Gene trees of mitochondrial proteins
To take into account the evolutionary history of every protein, including gene losses and duplications, we performed analysis of individual gene trees reconciled with the species phylogeny, as provided by the Ensembl team . The phylogenomic Ensembl pipeline provides a dataset of gene trees across multiple species, constructed using both dS, dN (substitution rates), nucleotide and protein distance measures . These data, together with the standard species tree, informs the gene tree construction performed by the TreeBeST program  (L Heng, AJ Vilella, E Birney, R Durbin, in preparation). First, all protein coding genes are queried using WUBLASTP against the whole protein database. Subsequently, a graph of proteins is constructed, with edges created for best reciprocal hits or when score(P1, P2)/max(score(P1, P1), score(P2, P2)) >0.33. Connected components of the graph are extracted and aligned subsequently with MUSCLE . The back-translated multiple alignment is passed to the tree constructing program, TreeBeST, together with the species tree for the reconciliation and the duplication calls on internal nodes, as the coverage of genomes in the Ensembl database provides topologically based timings in order to label duplication events . All human gene trees with a mitochondrial gene product (mitochondrial proteins in either human or yeast) were downloaded from Ensembl database v44 . When integrating datasets from human and yeast for 50% human genes and 46% yeast proteins, we did not detect homologs in the other species, representing a likely gene loss or gain in one of these lineages.

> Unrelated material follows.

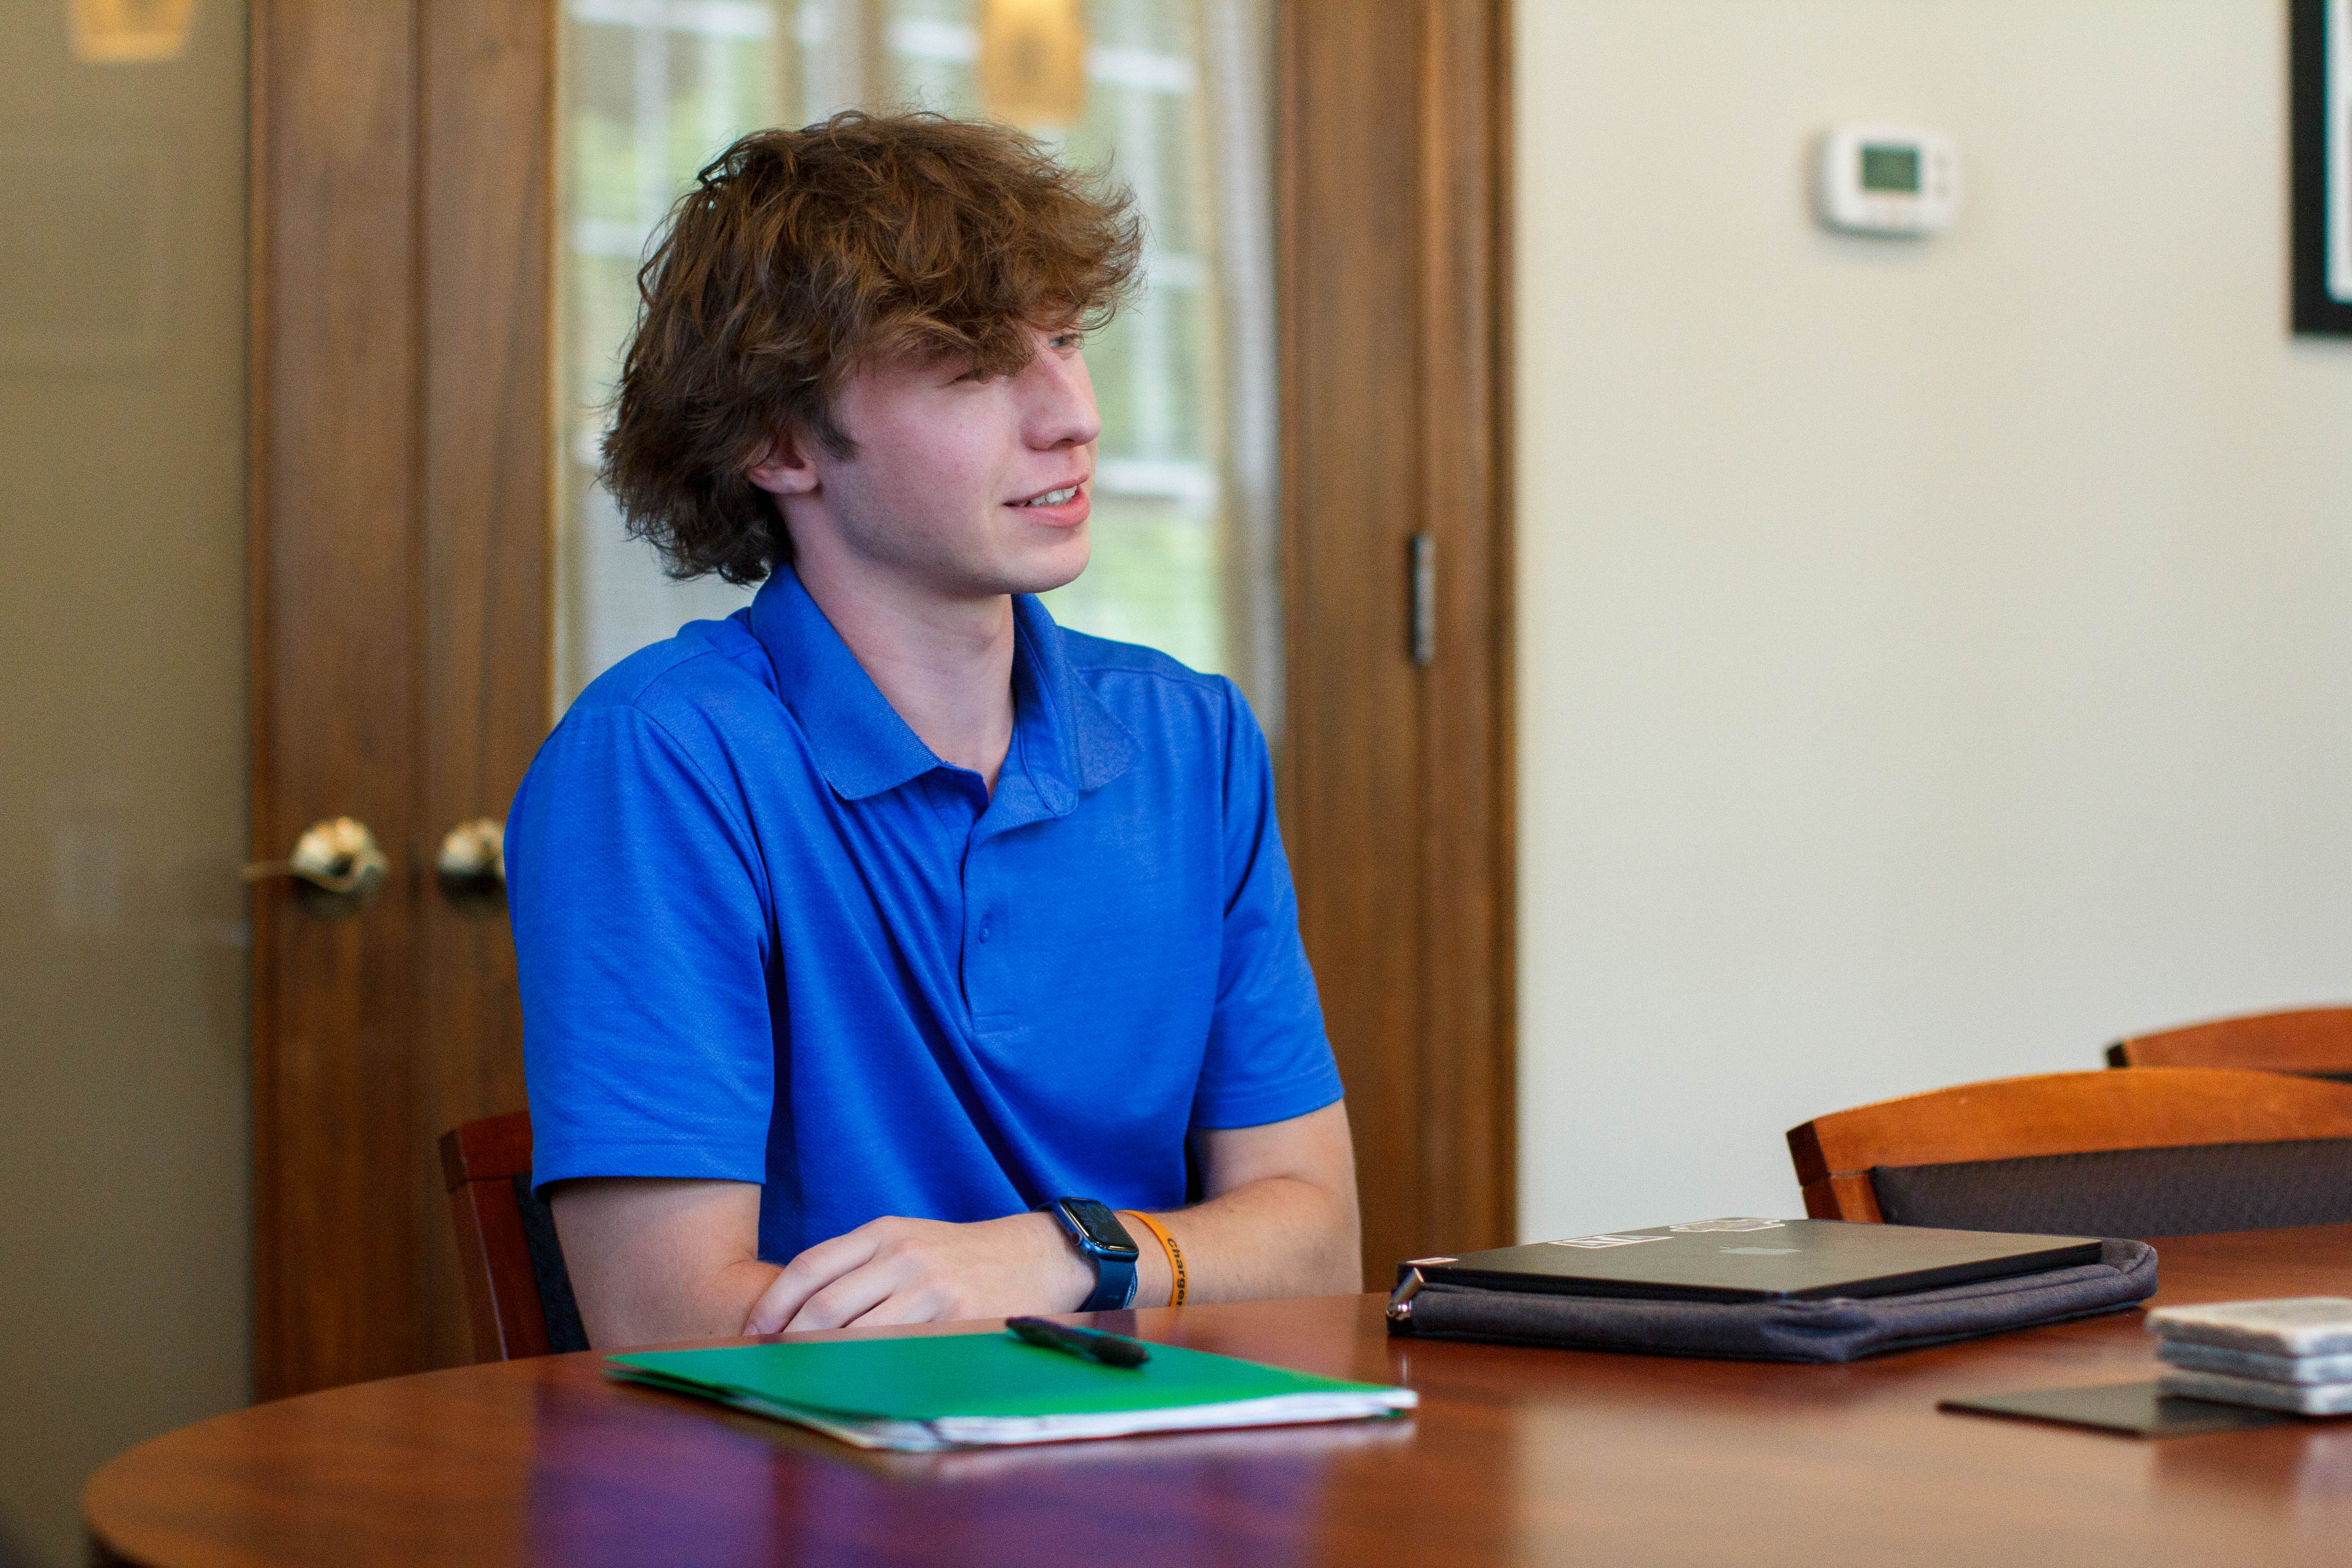 Crawfordsville native Ben Cody ’26 is spending his summer working as the Mayor’s intern.

Unambiguous one-to-one orthologs between human and yeast
The trees for gene families were separated at the speciation branches into opisthokont orthogroups and the number of paralogs in human and yeast lineages was counted. One-to-one unambiguous orthologs were represented by trees with a single gene in both lineages.
For each gene family of n genes, we infer n-1 duplications, each duplication corresponding to an internal tree node. The dating of the duplication was inferred from the analysis of the tree topology, as annotated by the Ensembl team. We use rooted trees of homologous genes, where branching points are labeled with the inferred time of duplication. For example, a gene tree ((GeneA, GeneB):Euteleostomi,(GeneC, GeneD):Euteleostomi):Chordata yields a single chordate duplication that is followed by two vertebrate duplications. For the inter-compartmental duplication a divergence time of a mitochondrial and a closest non-mitochondrial paralog was inferred from the internal node giving rise to the duplication. To asses the quality of gene duplication calls, we used the duplication consistency score . The score measures the intersection of the number of species post-duplication over the union; one expects that most duplications should have the gene persisting in an equally likely manner in subsequent lineages . All of the three duplication datasets (intra-mitochondrial, inter-compartmental or duplications outside mitochondria) had similar, high consistency scores, with median values of 0.85, 0.86, 0.85, respectively (Figure S1 in Additional data file 1). The datasets tested with two-sided Wilcoxon rank sum test do not exhibit statistically significant differences (P-value > 0.65).
Of the differentially localized one-to-one orthologs, we find 17 proteins localized to mitochondria only in human and 16 of these are either reference mitochondrial proteins known from the literature or were experimentally verified in the Pagliarini et al. study . For families with gene duplications and differentially localized human paralogs, localization was predicted computationally for only three mitochondrial proteins, with the remaining proteins validated experimentally in the Pagliarini et al. study by either green fluorescent protein marker (4 proteins), proteomics approaches (7 proteins) or being part of a mammalian mitochondrial reference set based on the literature curation (15 proteins).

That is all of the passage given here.